À nouveau, le Québec perd un fleuron. Obnubilée par une vision accordant des vertus divines au « marché », la nouvelle ministre de l’Économie, Dominique Anglade, n’a pas tardé à qualifier la transaction de « bénéfique » pour le Québec.

Si on se fie à la ministre Anglade, la Caisse de dépôt et placement ne pourrait, à la suite d’une commande politique, bloquer une transaction telle que la vente de Rona à des intérêts étrangers. On voit qu’elle connaît très mal l’histoire de la Caisse, alors que les années d’or de celle-ci furent celles où, véritable levier, elle travailla étroitement de concert avec l’État québécois afin de lancer une véritable classe d’affaires québécoise, le Québec inc. Encore influencé comme il l’était par la dynamique de la Révolution tranquille, l’État québécois avait à l’époque un préjugé favorable à l’endroit de l’économie nationale, celle-là même que nous regardons passivement se dissoudre.

Pourquoi les libéraux sont-ils fondamentalement opposés au fait que la Caisse bloque la transaction ?

Il faut remonter à 2005 alors que le gouvernement de Jean Charest a changé le mandat de la Caisse. Surnommée « le bas de laine des Québécois », la Caisse a tout d’abord eu pour mission de protéger l’épargne et les retraites des Québécois, de sécuriser le capital et de constituer un réservoir de capitaux.

Peu à peu, le développement économique structurant s’est ajouté aux objectifs de l’institution.
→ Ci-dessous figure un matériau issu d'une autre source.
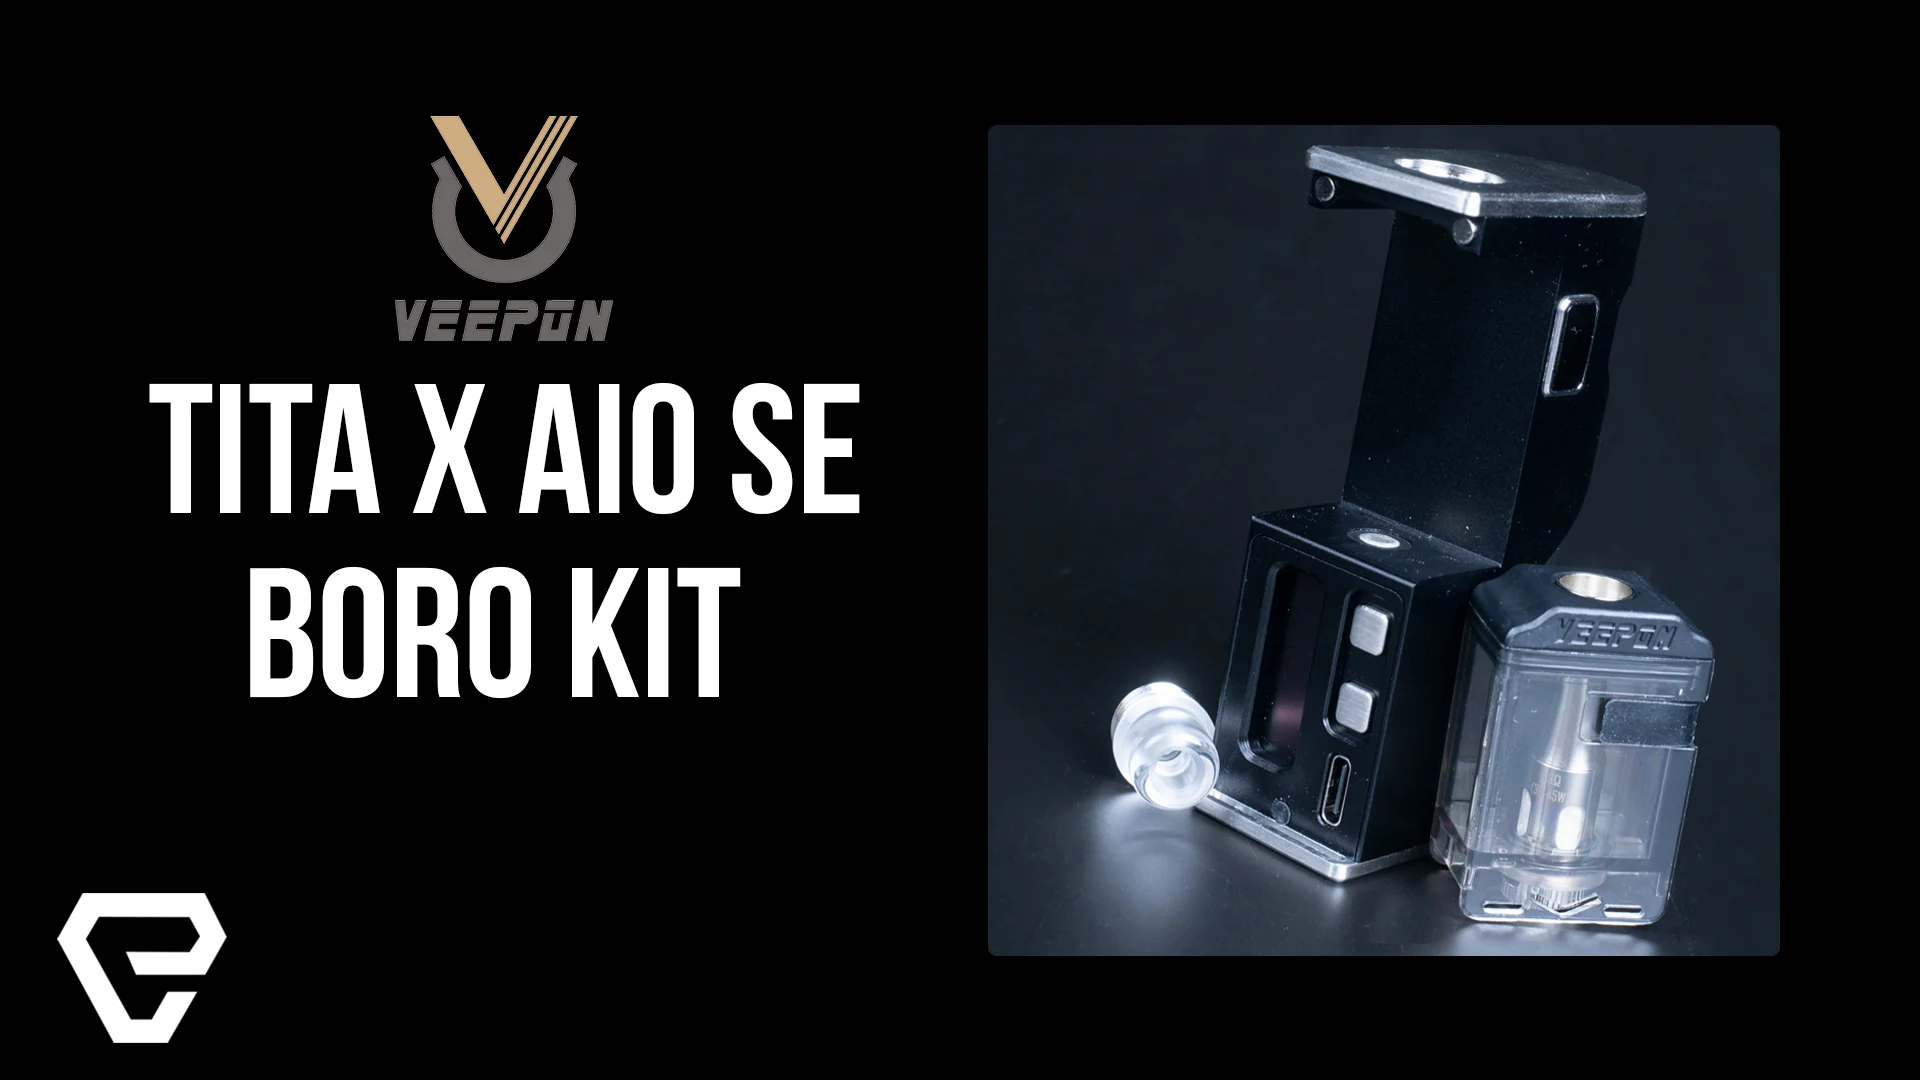 Vape Product Review: Veepon TITA X AIO SE Boro Kit!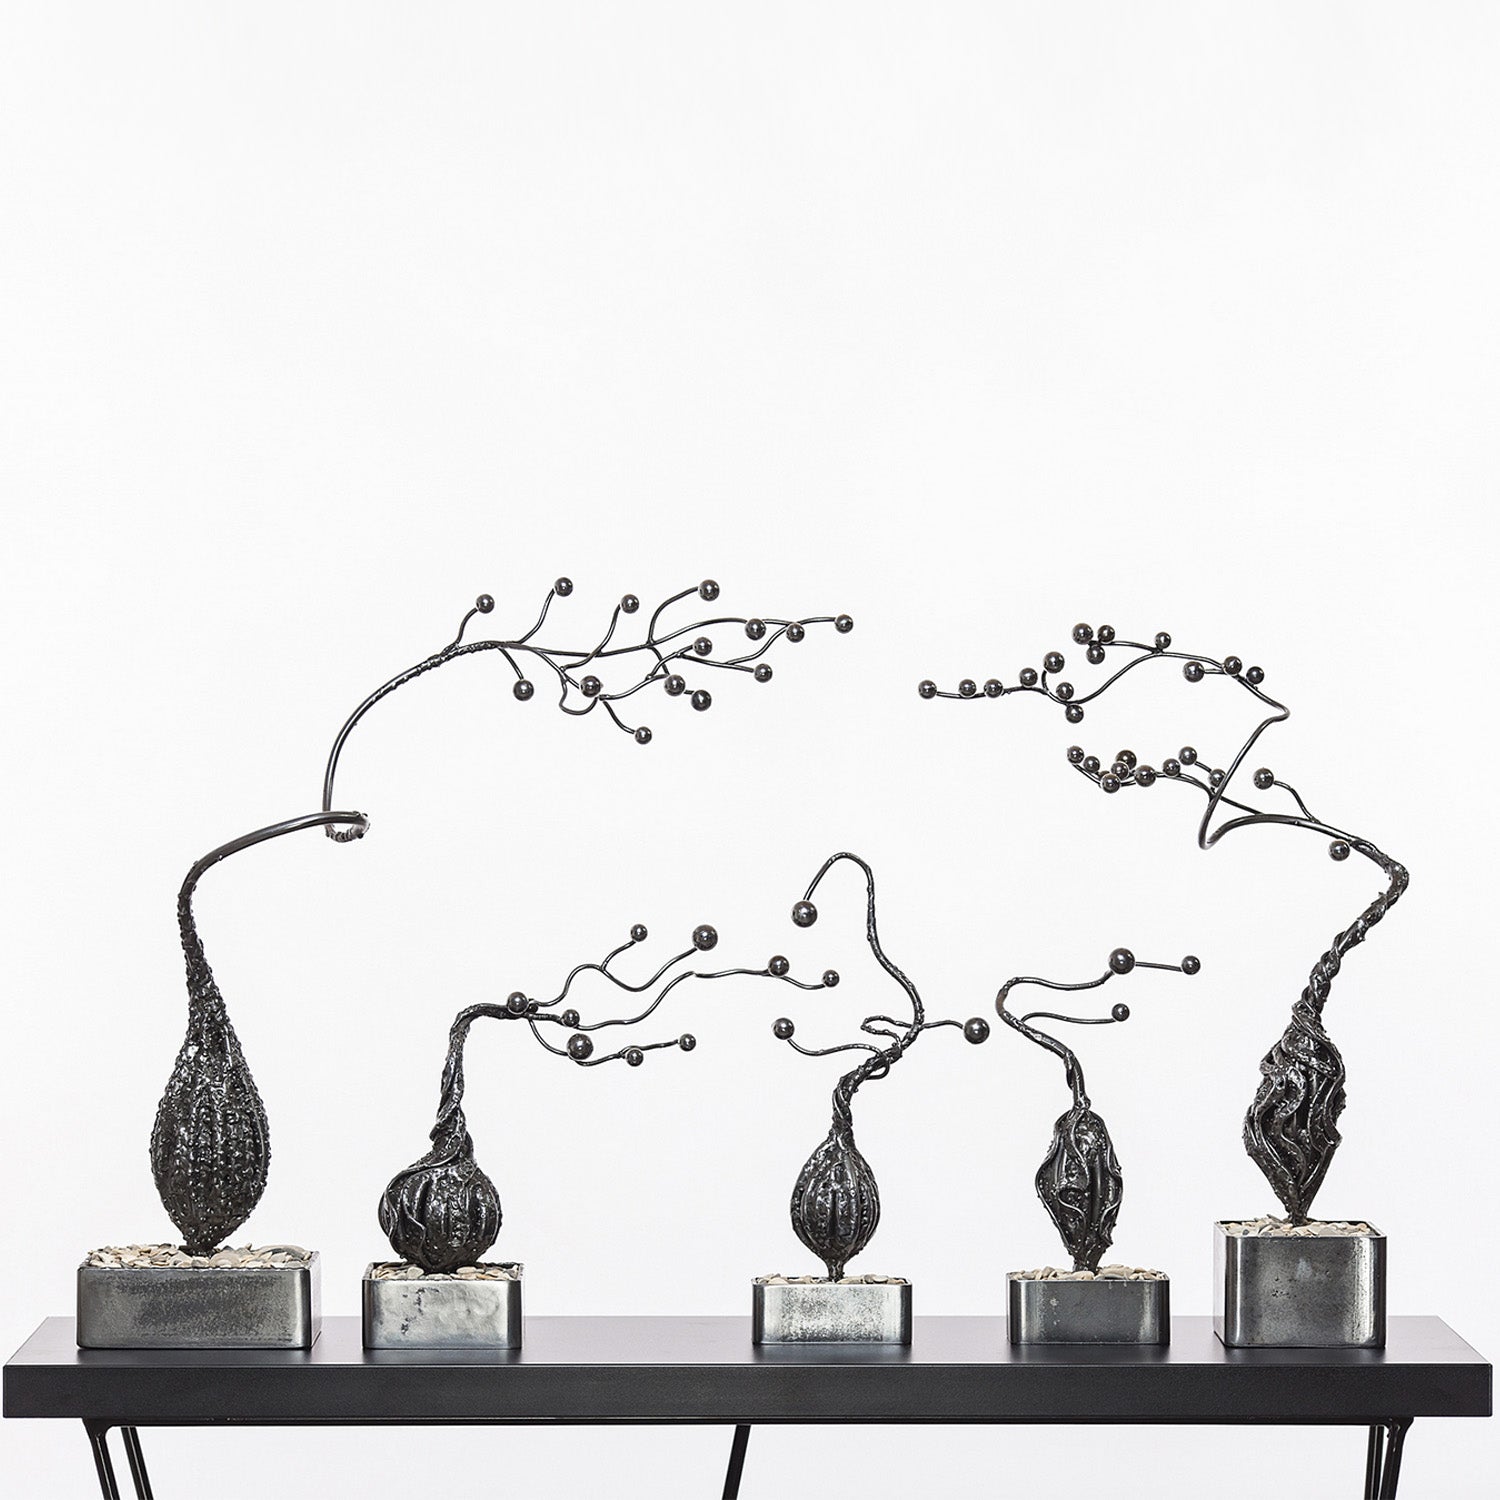 Sculpture Series «Bonsai» - RedDot.art

L’actif détenu par la Caisse est immense et digne des pays les plus riches au monde. Cela est presque surréel pour un pays non pétrolier. L’institution bénéficie aussi d’un rayonnement international impressionnant, notamment en Asie, aux États-Unis et en Europe. La puissance de la Caisse est objectivement incontestable. Elle est à l’origine de la naissance ou du sauvetage de nombreuses entreprises québécoises.

Or, en 2004, le gouvernement libéral l’a reprogrammé sur l’objectif du « rendement maximal ». Tout ce qui compte est donc le profit et non pas les retombées générales. La société d’État ne s’intéressant désormais qu’à ses colonnes de chiffres, c’est au « marché » que revient de s’occuper du bon fonctionnement économique du Québec. C’est là l’exposition d’un splendide mythe de l’économie, qui consiste à évaluer le succès en fonction du profit de l’institution plutôt que par les effets généraux sur la société.

La loi de 2004 sur la Caisse a confirmé, encadré et amplifié une réalité : celle du retrait de l’État d’un levier stratégique central dont il est l’actionnaire unique et avec lequel il a toujours agi en concertation. On se souviendra des résultats concrets du changement de vocation de la Caisse :  40 milliards de pertes par l’obsession du rendement maximal, s’étant traduit par un saut à pieds joints dans la spéculation financière.

Si la Caisse en venait à empêcher la transaction, elle poserait un geste de développement économique pour tous et non pas de rendement maximal pour elle. Nous en sommes bien loin. À mille lieues de représenter une bourde politique, les déclarations de Dominique Anglade sont de parfaits témoignages de la conception économique du parti au pouvoir.